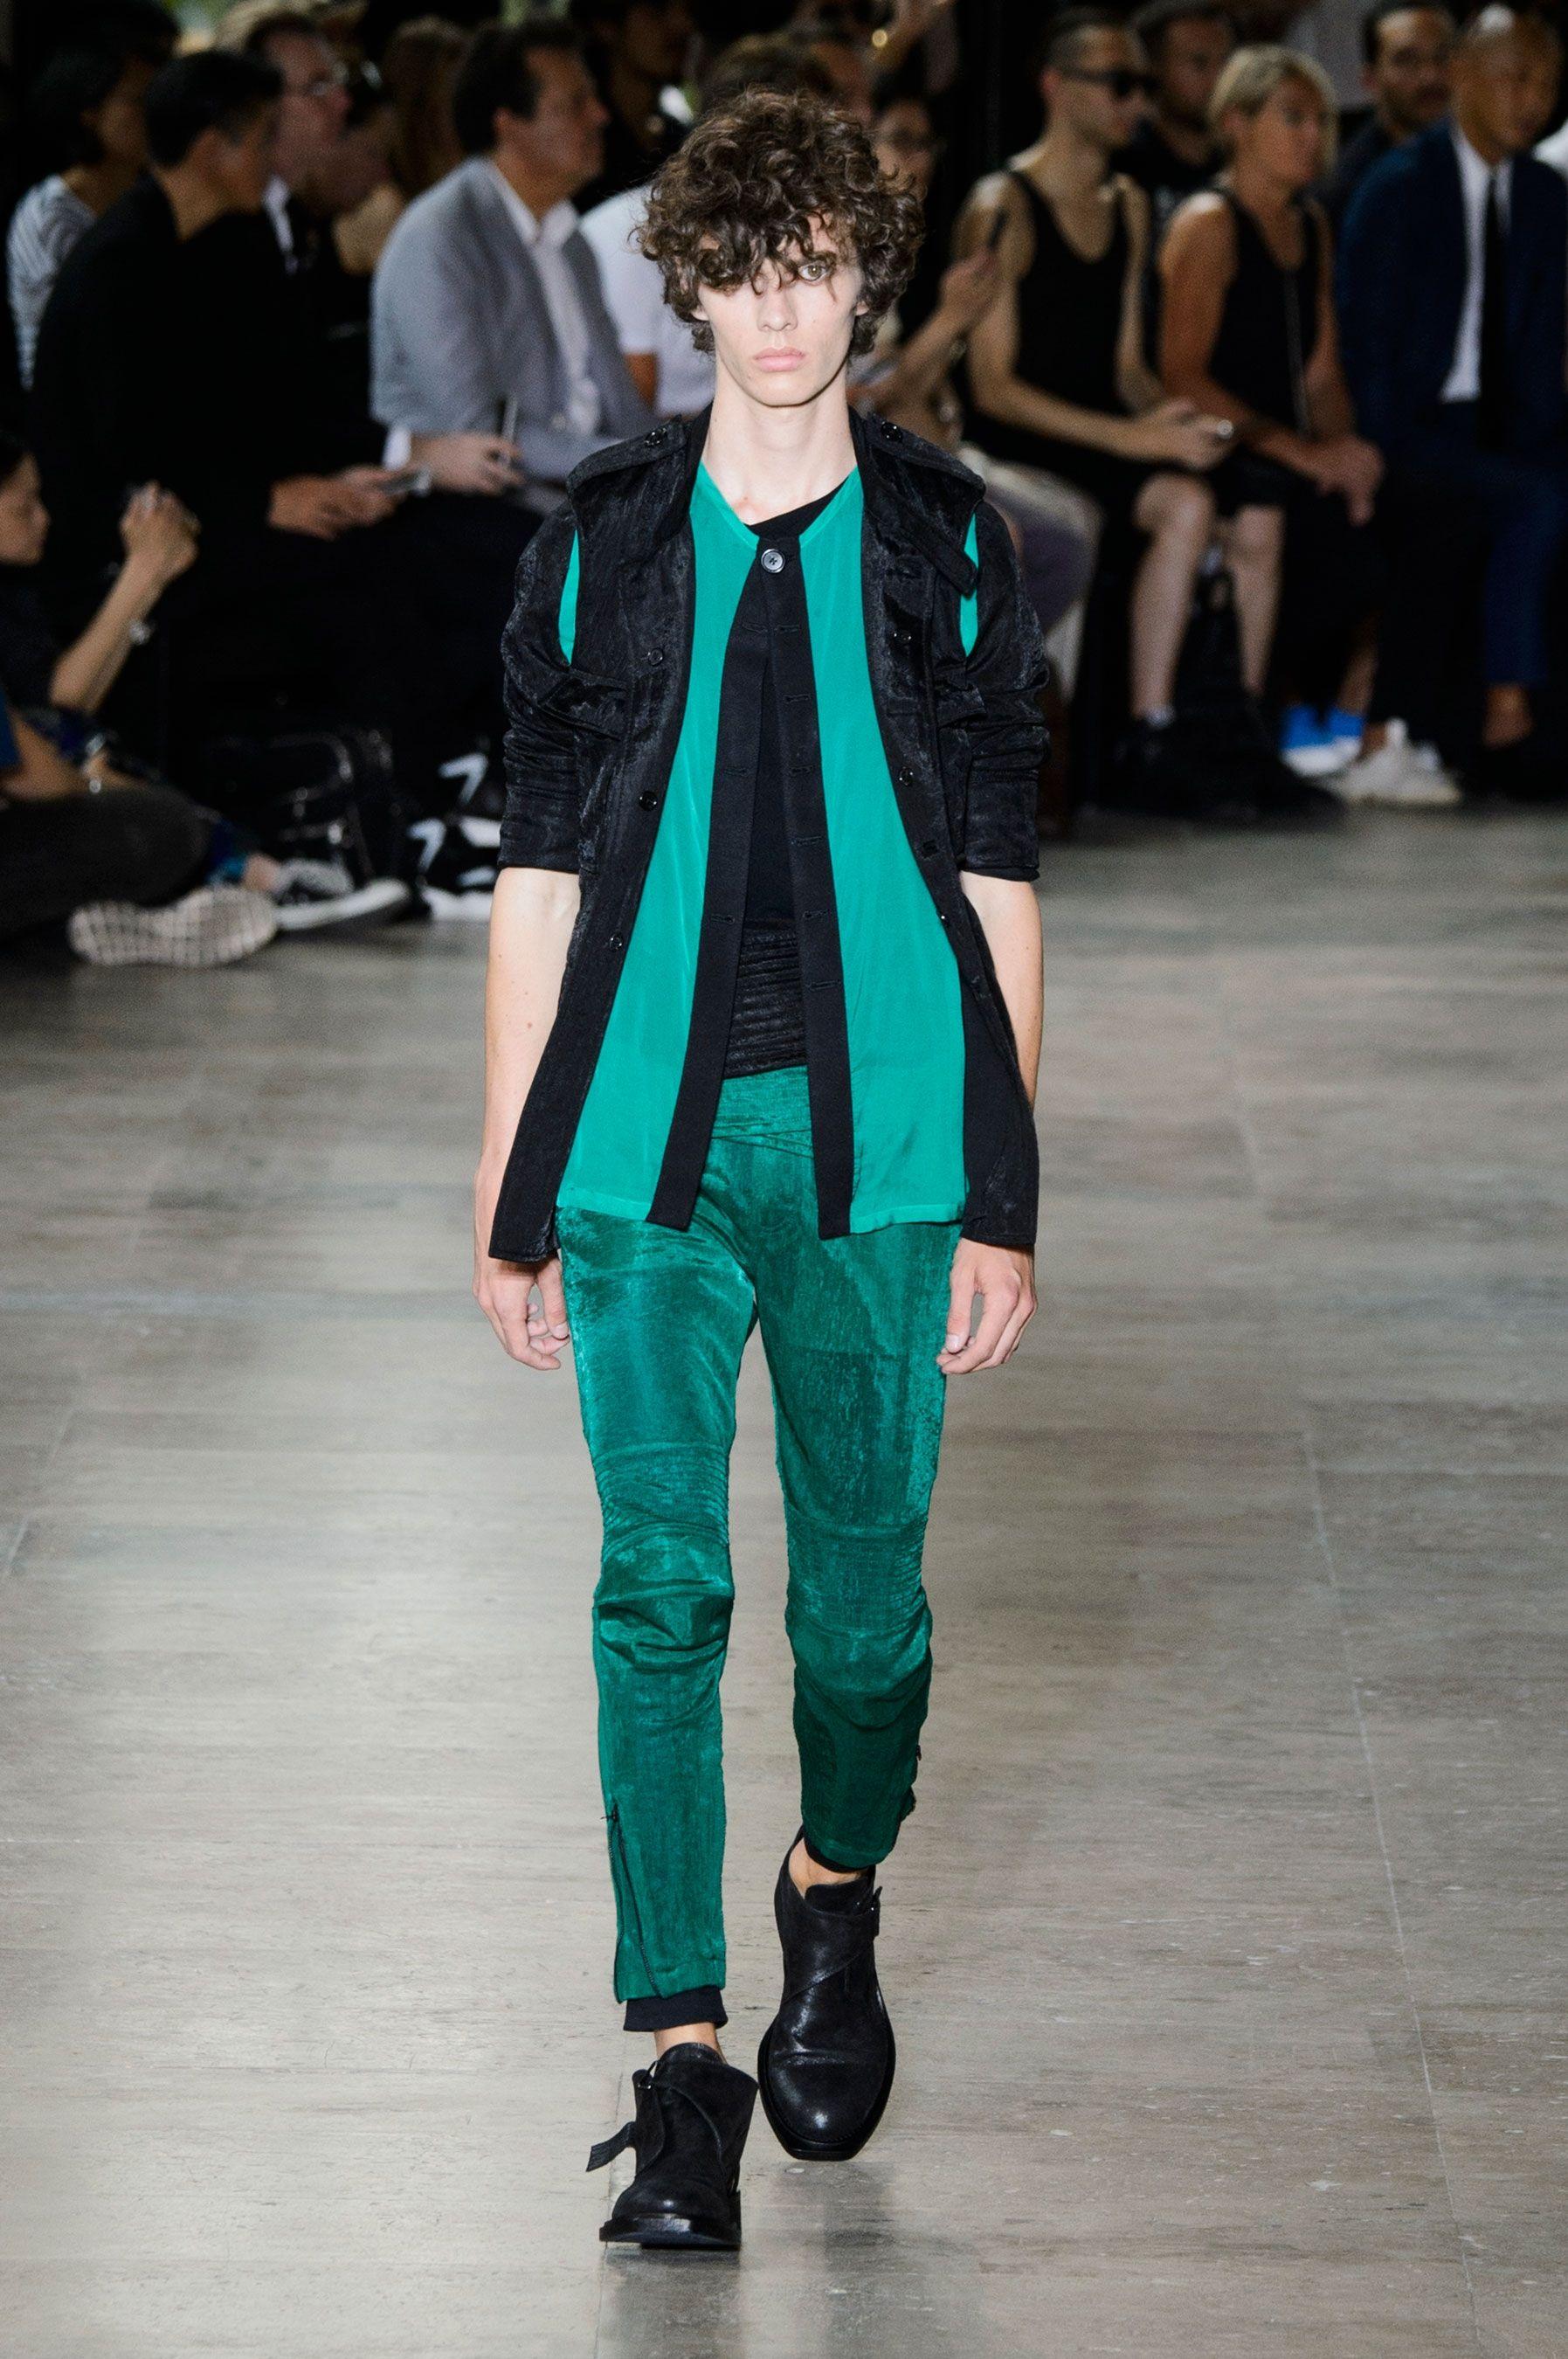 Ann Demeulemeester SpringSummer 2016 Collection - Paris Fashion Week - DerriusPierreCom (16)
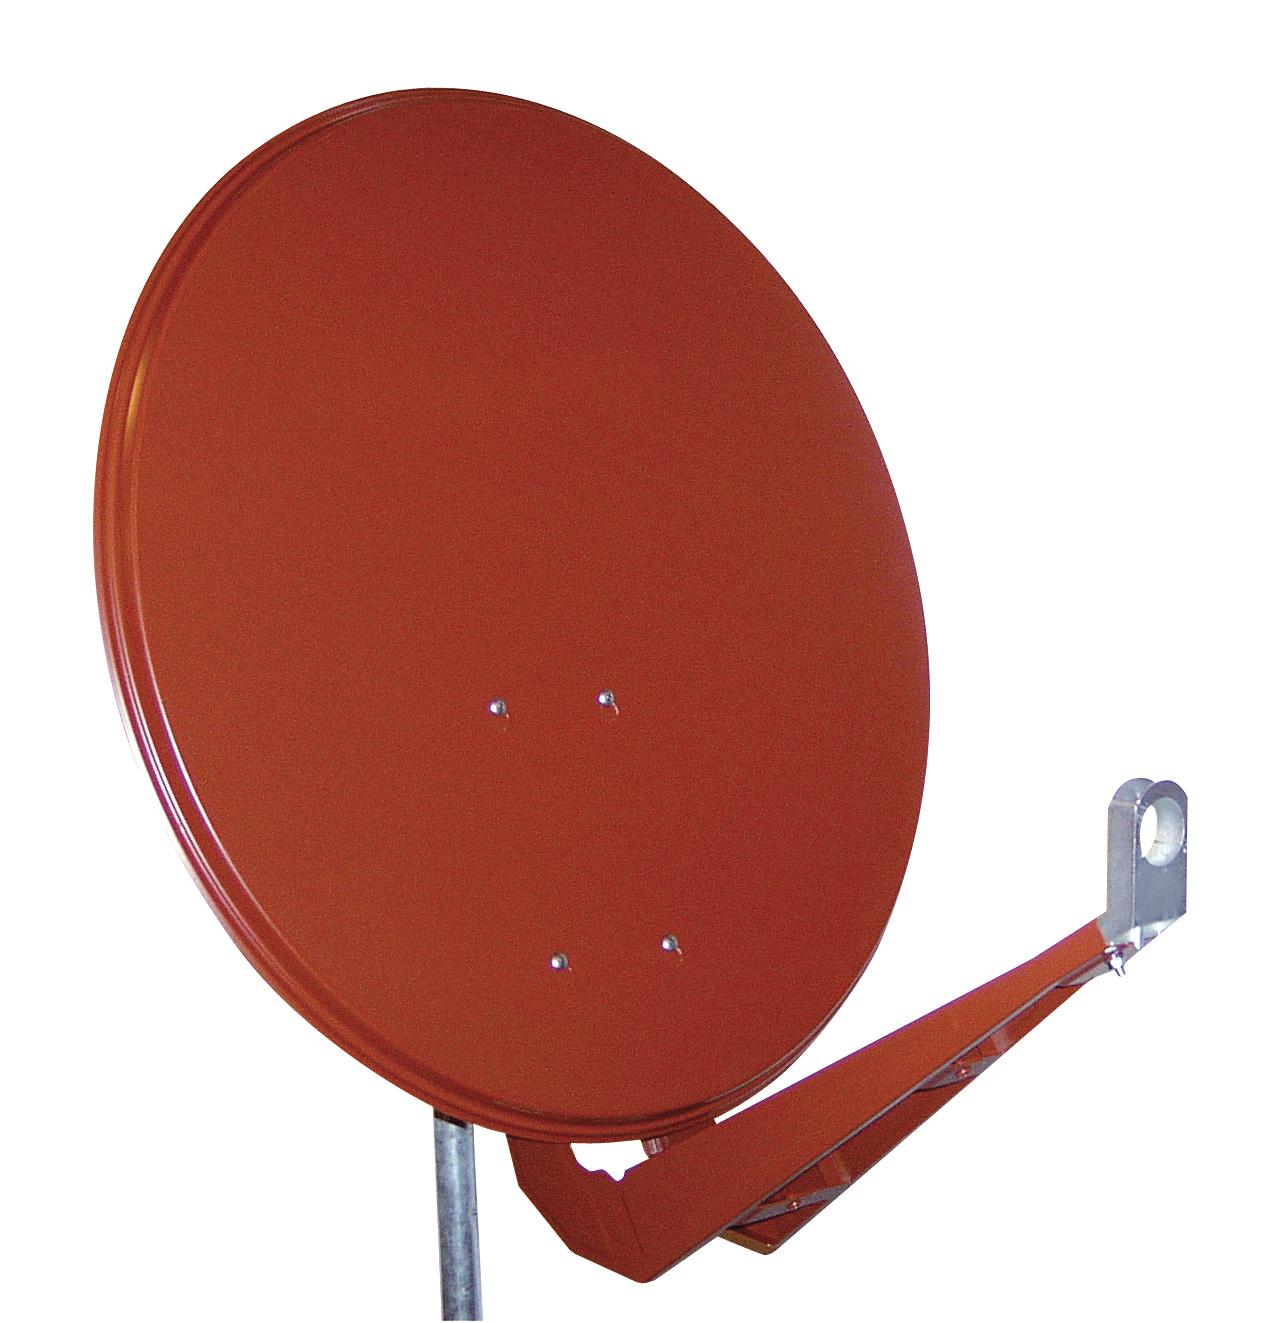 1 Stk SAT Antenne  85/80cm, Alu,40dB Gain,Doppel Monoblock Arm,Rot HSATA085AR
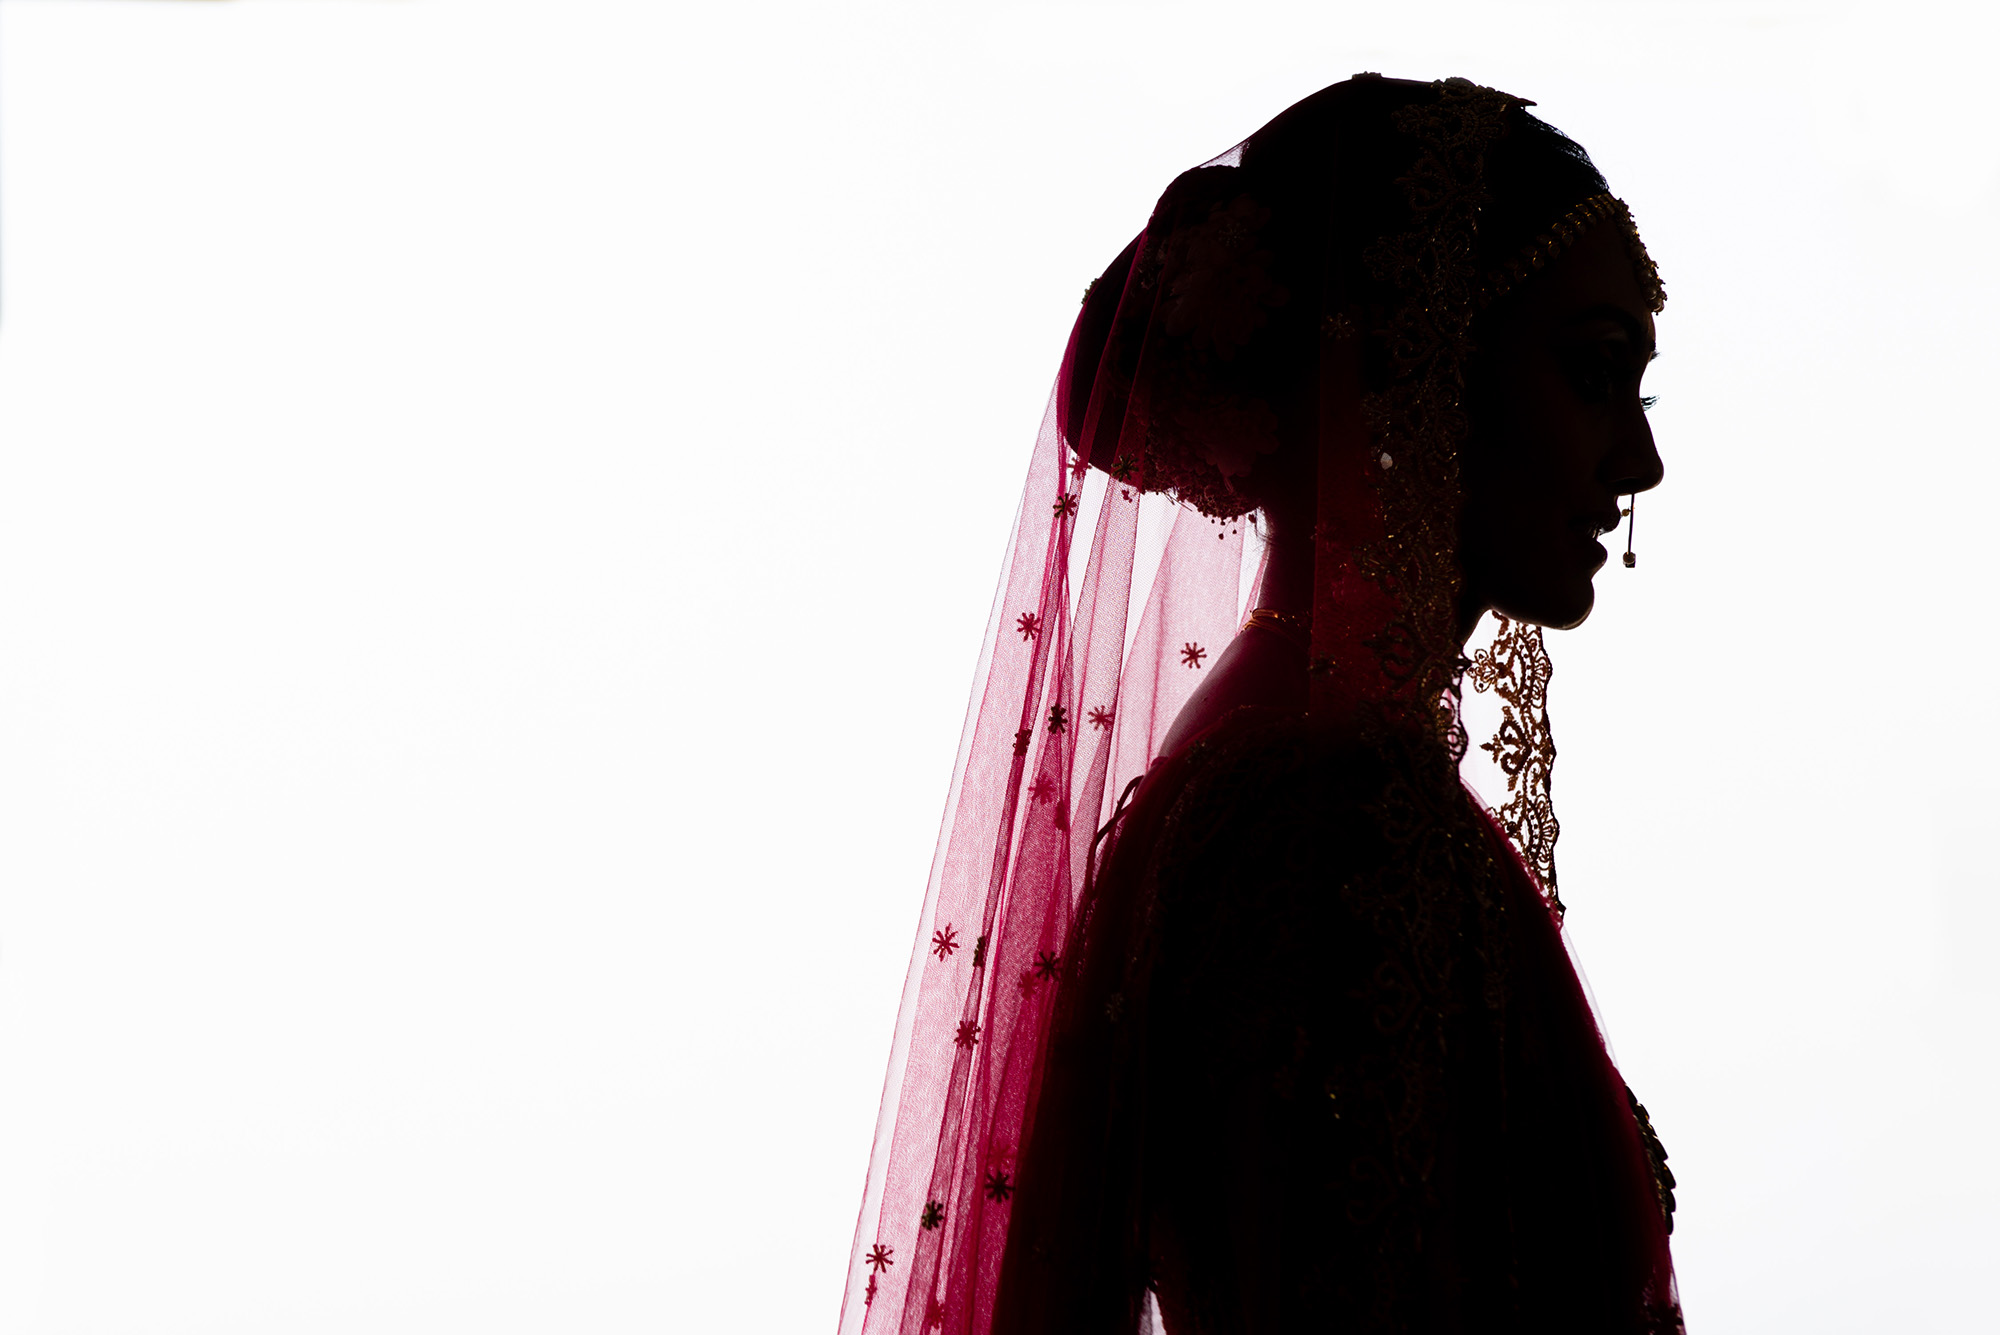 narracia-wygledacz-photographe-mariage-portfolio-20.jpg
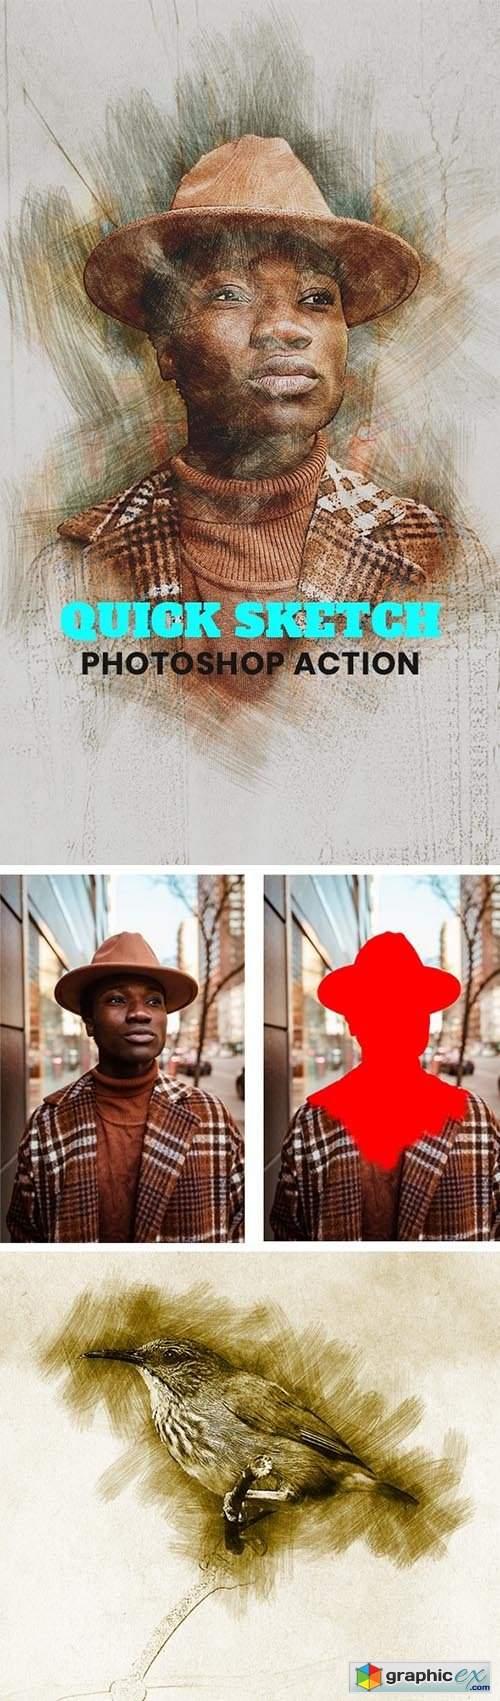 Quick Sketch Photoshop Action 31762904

### Task directions
Set down, word for word, the full listing above, and carry over no pictures.

### Problem solution
 Ann Demeulemeester SpringSummer 2016 Collection - Paris Fashion Week - DerriusPierreCom (16)
 1 Stk SAT Antenne  85/80cm, Alu,40dB Gain,Doppel Monoblock Arm,Rot HSATA085AR
 narracia-wygledacz-photographe-mariage-portfolio-20.jpg
 Quick Sketch Photoshop Action 31762904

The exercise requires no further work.